Clovers trial seeks to determine which IV fluids, vasopressors combo works best to curb sepsis

TUESDAY, Sept. 25, 2018 (HealthDay News) — A major non-profit advocacy group is asking that a large government trial comparing treatments for sepsis be shut down.

The trial, called Clovers, “places seriously ill patients at risk without the possibility of gaining information that can provide benefits either to the subjects or to future patients,” according to an analysis of the trial by investigators at the U.S. National Institutes of Health Clinical Center in Bethesda, Md. And in a letter sent to the federal Office for Human Research Protection, advocacy group Public Citizen compared the study to “an experiment that would be conducted on laboratory animals,” The New York Times reported.

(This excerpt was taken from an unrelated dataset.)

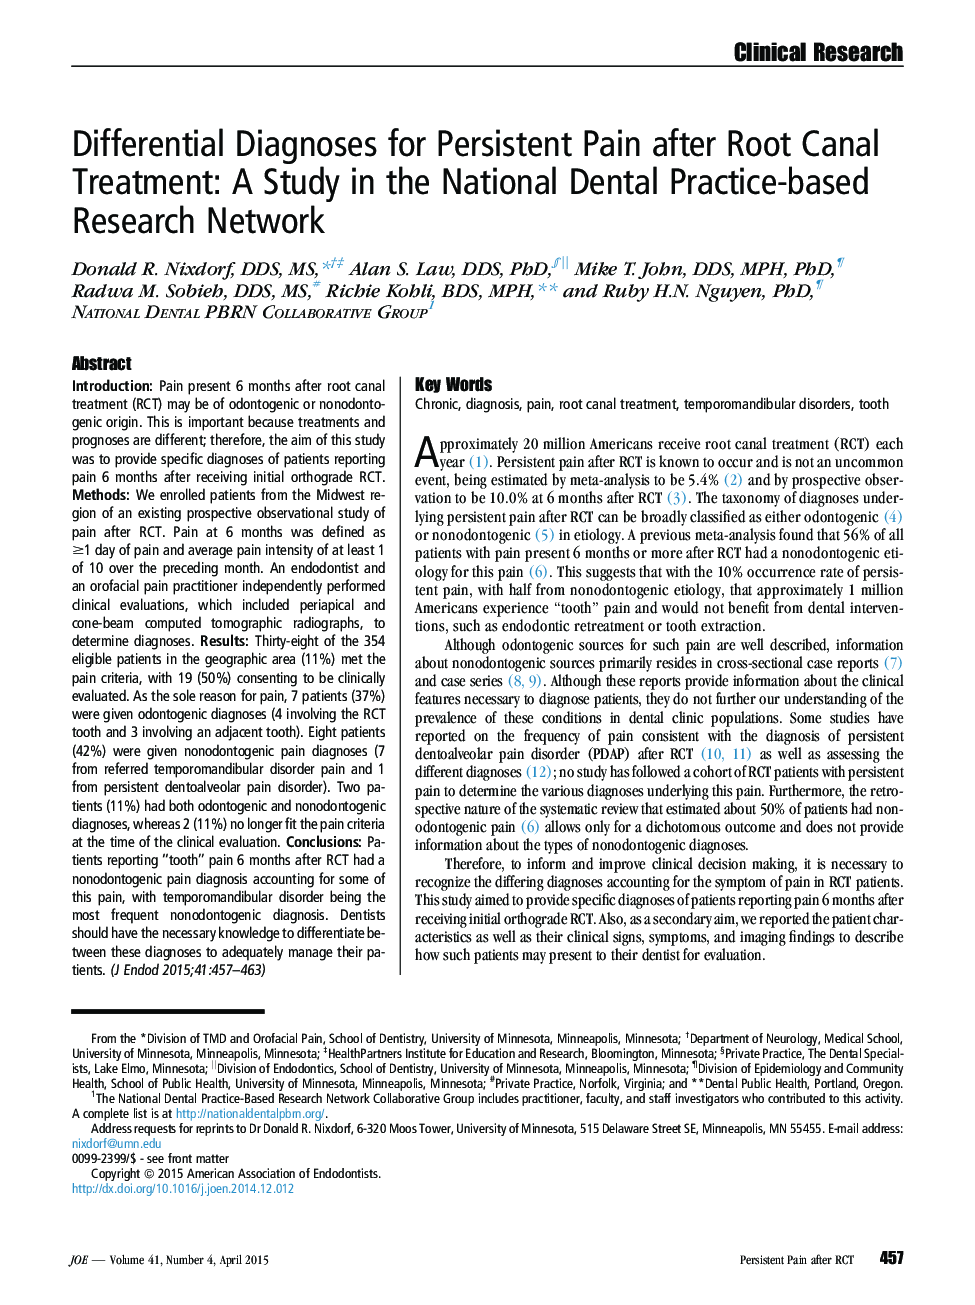 تشخیص دیفرانسیل برای درد ماندگار پس از درمان کانال ریشه: مطالعه در شبکه ملی تحقیقات دندانپزشکی 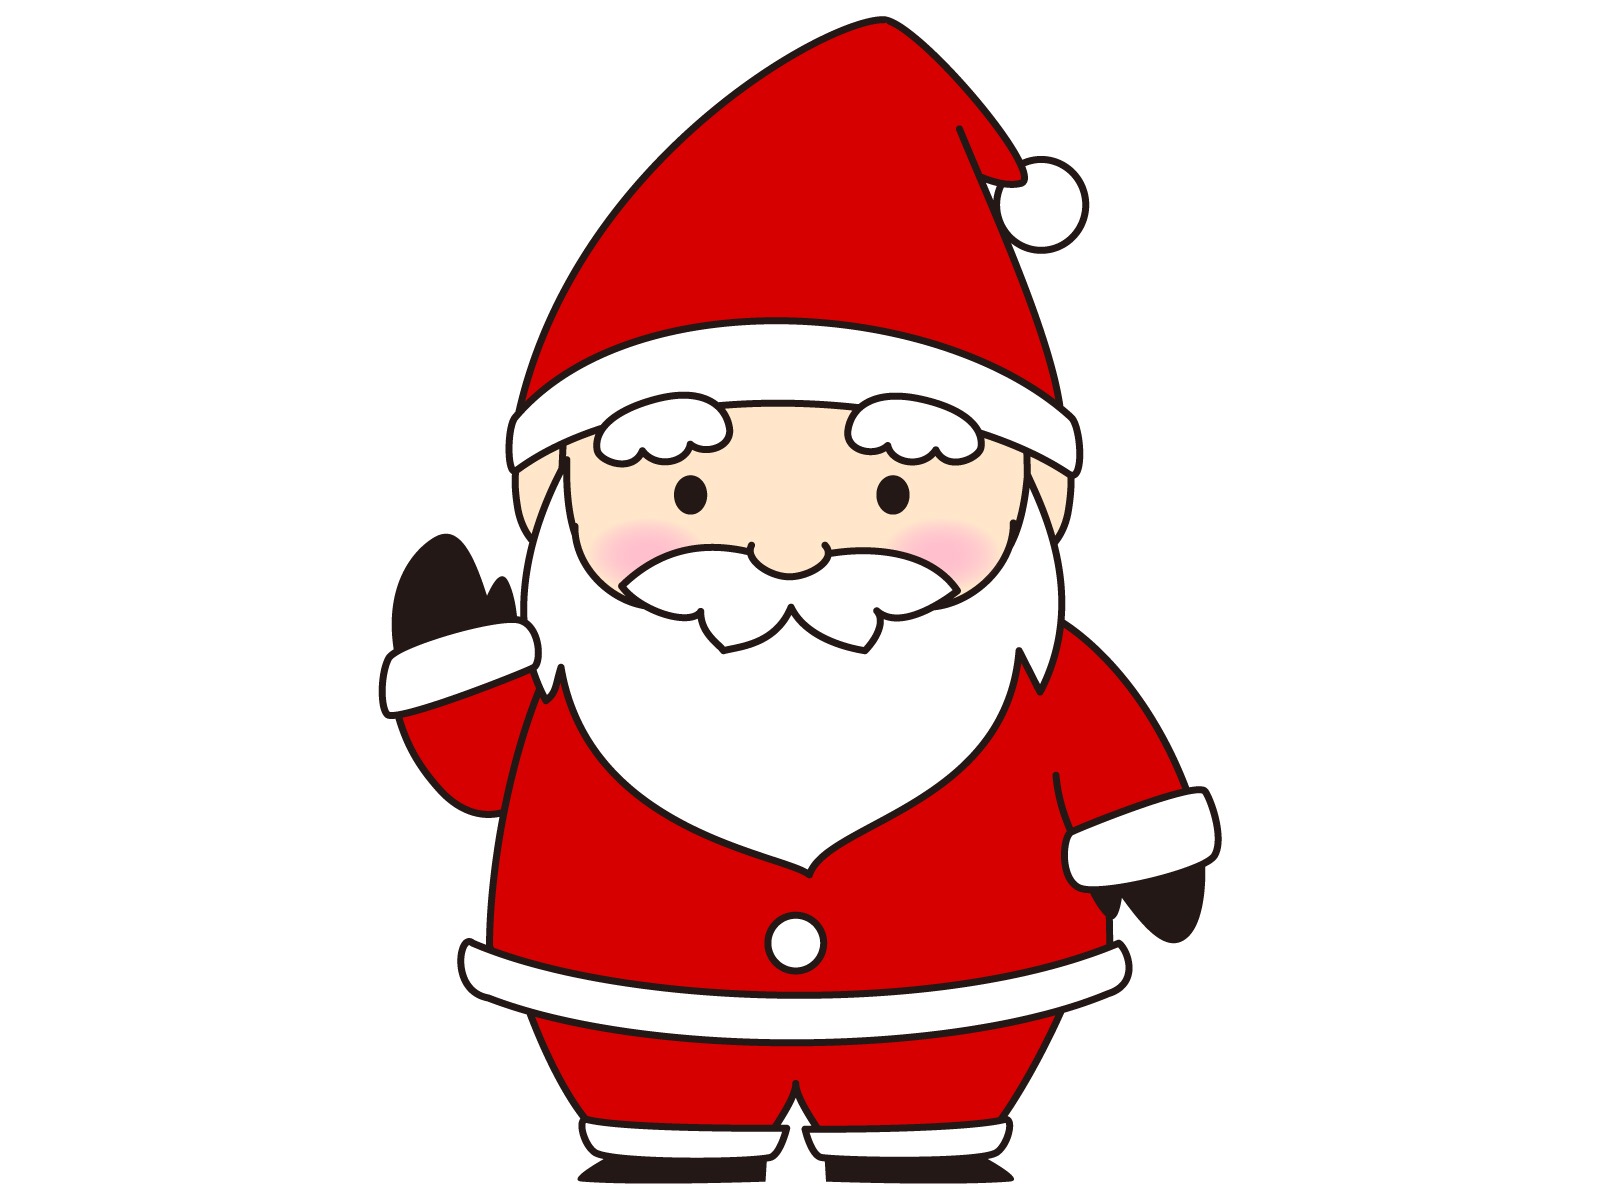 12月24日はイオンモール草津にサンタクロースがやってくる！サンタさんを見つけて一緒に写真を撮ろう♪

“The human subjects of the Clovers trial, as designed and currently conducted, are unwitting guinea pigs in a physiology experiment,” Public Citizens’ Michael Carome, M.D., and Sidney Wolfe, M.D., wrote in their letter. The Clovers trial began in March and is funded by the NIH. It is moving forward and hopes to enroll 2,320 patients from 44 hospitals nationwide.

The Clovers trial seeks to determine which one of two therapeutic options — limiting fluids and starting vasopressors, or adding intravenous fluids and holding off on drug therapy — works best to curb sepsis.